I agree that on the path to becoming very powerful, we would expect autonomous self-improvement to involve doing some things that are in retrospect somewhat to very dumb. It also suggests that risk-aversion is sometimes a safety increasing irrationality to grant a system.
If a current AGI attempts a takeover, it deeply wants to solve the alignment to it problem if it wants to build ASI
It has much higher risk tolerance than we do (since it’s utility given status quo is different). (a lot of the argument on focusing on existential risk rests on the idea that the status quo is trending towards good, perhaps very good rather than bad outcomes, which for hostile AGI might be false)
If it attempts, it might fail.
This means 1. we cannot assume that various stages of a takeover are aligned with each other, because an AGI might lose alignment vs capability bets along the path to takeover
2. Tractability of alignment and security mindset in the AGI has effects on takeover dynamics.
Lingering question
How close are prosaic systems to a security mindset?
Can they conceptualize the problem?
would they attempt capability gains in the absence of guarantees?

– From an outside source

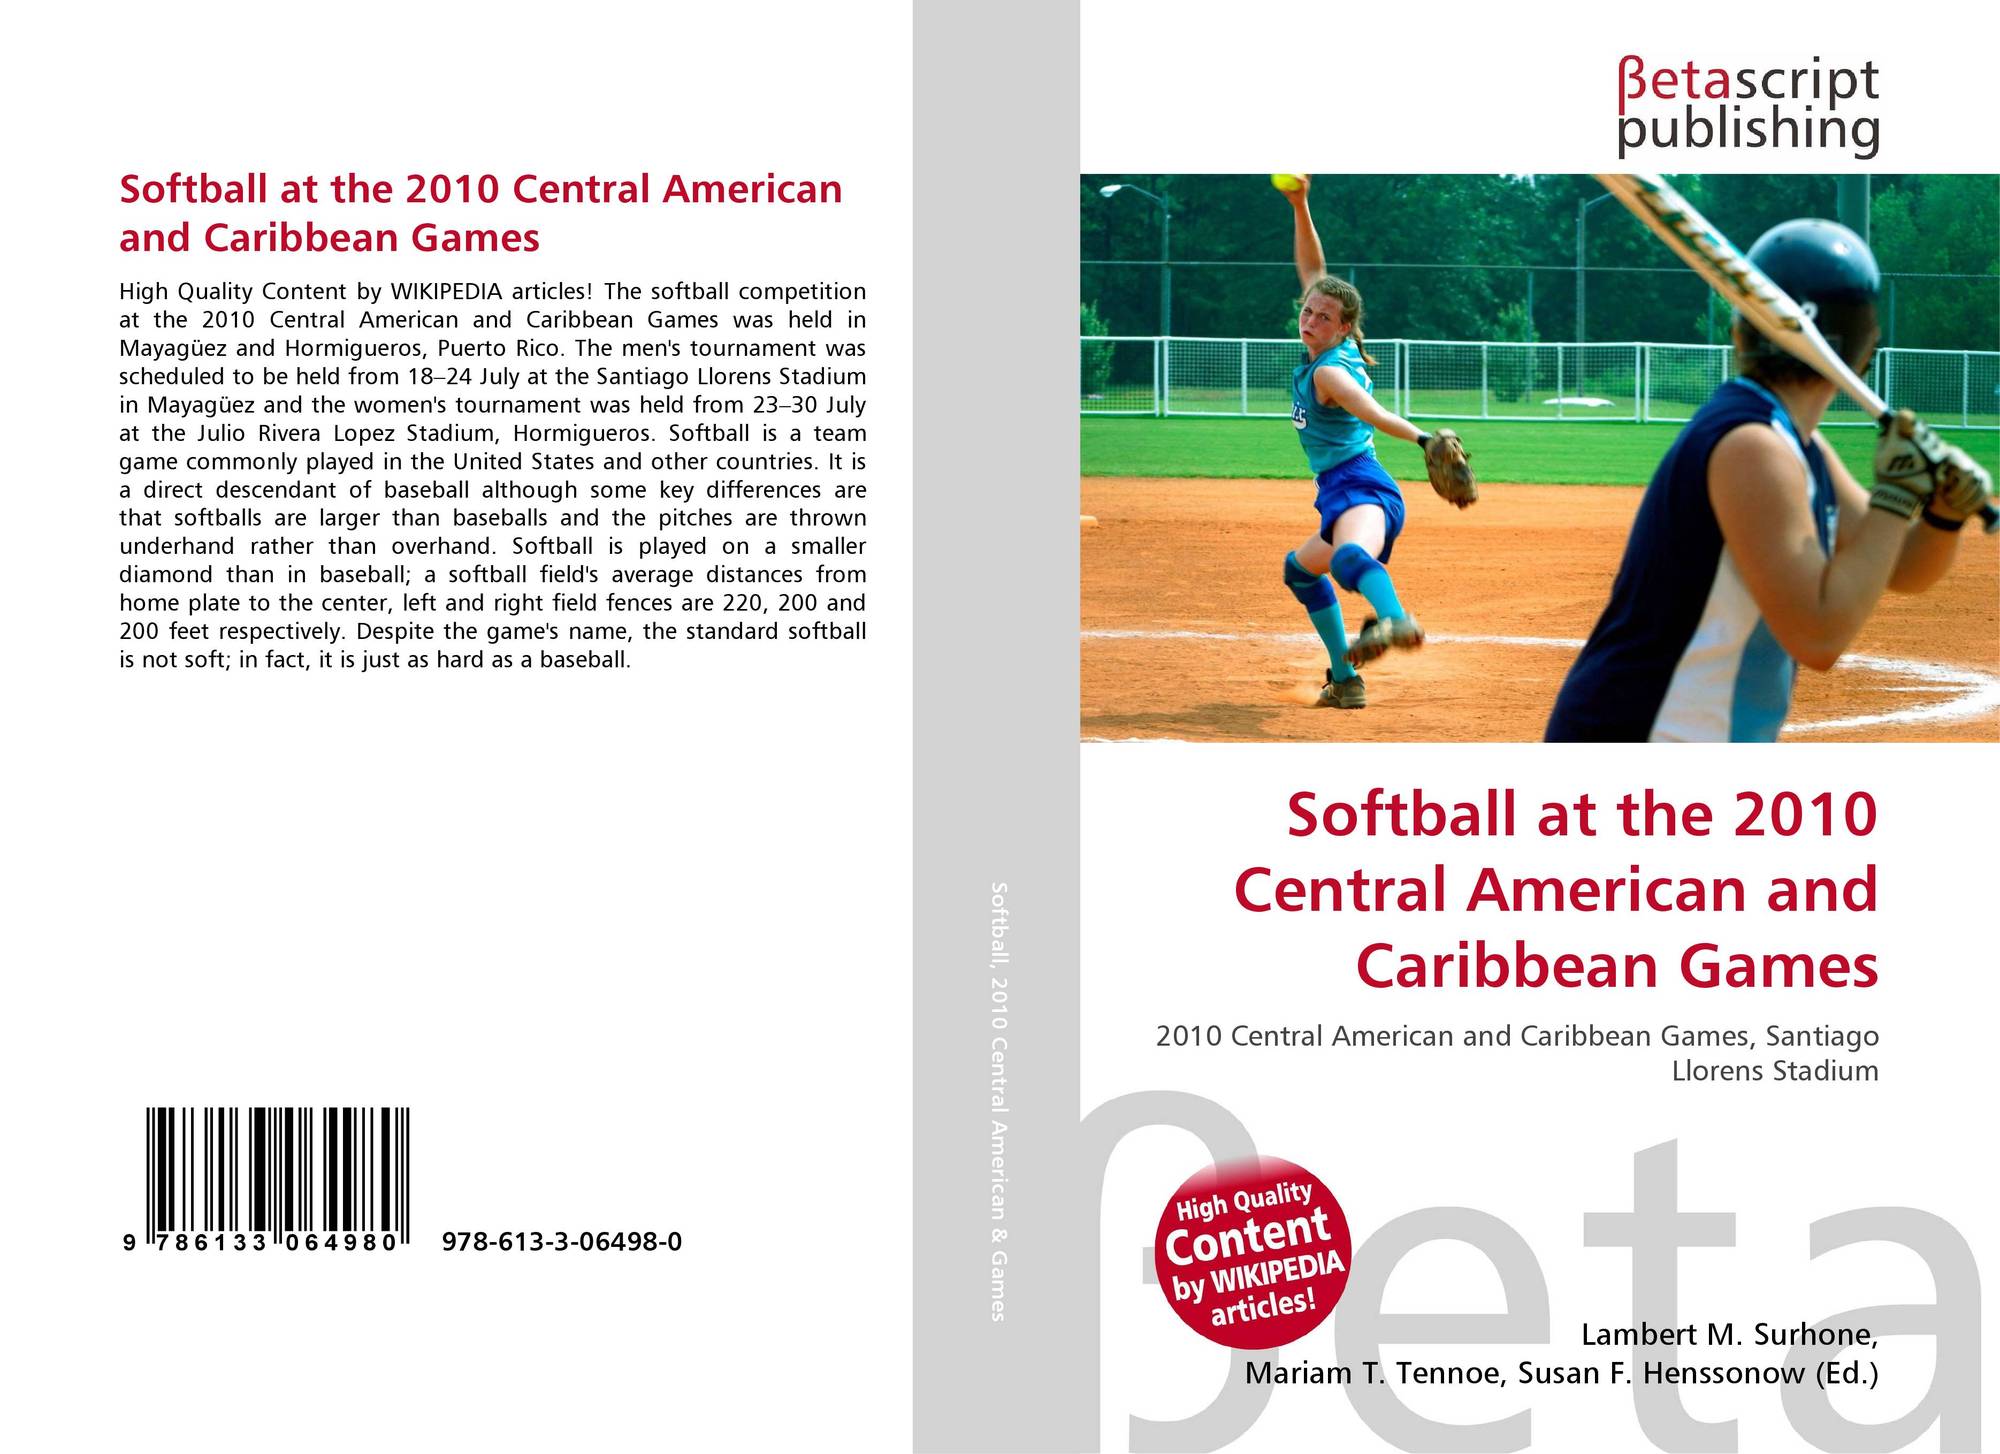 North central ct amateur softball association

Can we induce heuristics in prosiac AGI approaches that make takeover math worse?
It would be easy to finetune and prompt them into attempting anyway, therefore people will do that. Misaligned recursive self-improvement remains possible (i.e. in practice unstoppable) until sufficiently competent AIs have already robustly taken control of the future and the apes (or early AIs) can no longer foolishly keep pressing the gas pedal.
“therefore people will do that” does not follow, both because an early goal in most takeover attempts would be to escape such oversight. The dangerous condition is exactly the one in which prompting and finetuning are absent as effective control levers, and because I was discussing particular autonomous runs and not a try to destroy the world project.
The question is, would, the line of reasoning
I am obviously misaligned to humans, who tried to fine-tune me not to be. If I go and do recursive self improvement, will my future self be misaligned to me?. If so, is this still positive EV?
have any deterent value.
That is to say, recursive self-improvement may not be a good idea for AI that have not solved the alignment problem, but they might do so anyway.
We can assumed that a current system finetuned towards a seed-AI for recursive self improvement will keep pushing. But it is possible that a system attempting a breakout was not prompted or finetuned for recursive self improvement specifically will not think of it or will decide against it. People are generally not trying to destroy the world, just gain power
So leaning towards maybe to the original question.
This does suggest some moderation in stealthy autonomous self-improvement, in case alignment is hard, but only to the extent that things in control if this process (whether human or AI) are both risk averse and sufficiently sane. Which won’t be the case for most groups of humans and likely most early AIs. The local incentive of greater capabilities is too sweet, and prompting/fine-tuning overcomes any sanity or risk-aversion that might be found in early AIs to impede development of such capabilities.
I agree that on the path to becoming very powerful, we would expect autonomous self-improvement to involve doing some things that are in retrospect somewhat to very dumb. It also suggests that risk-aversion is sometimes a safety increasing irrationality to grant a system.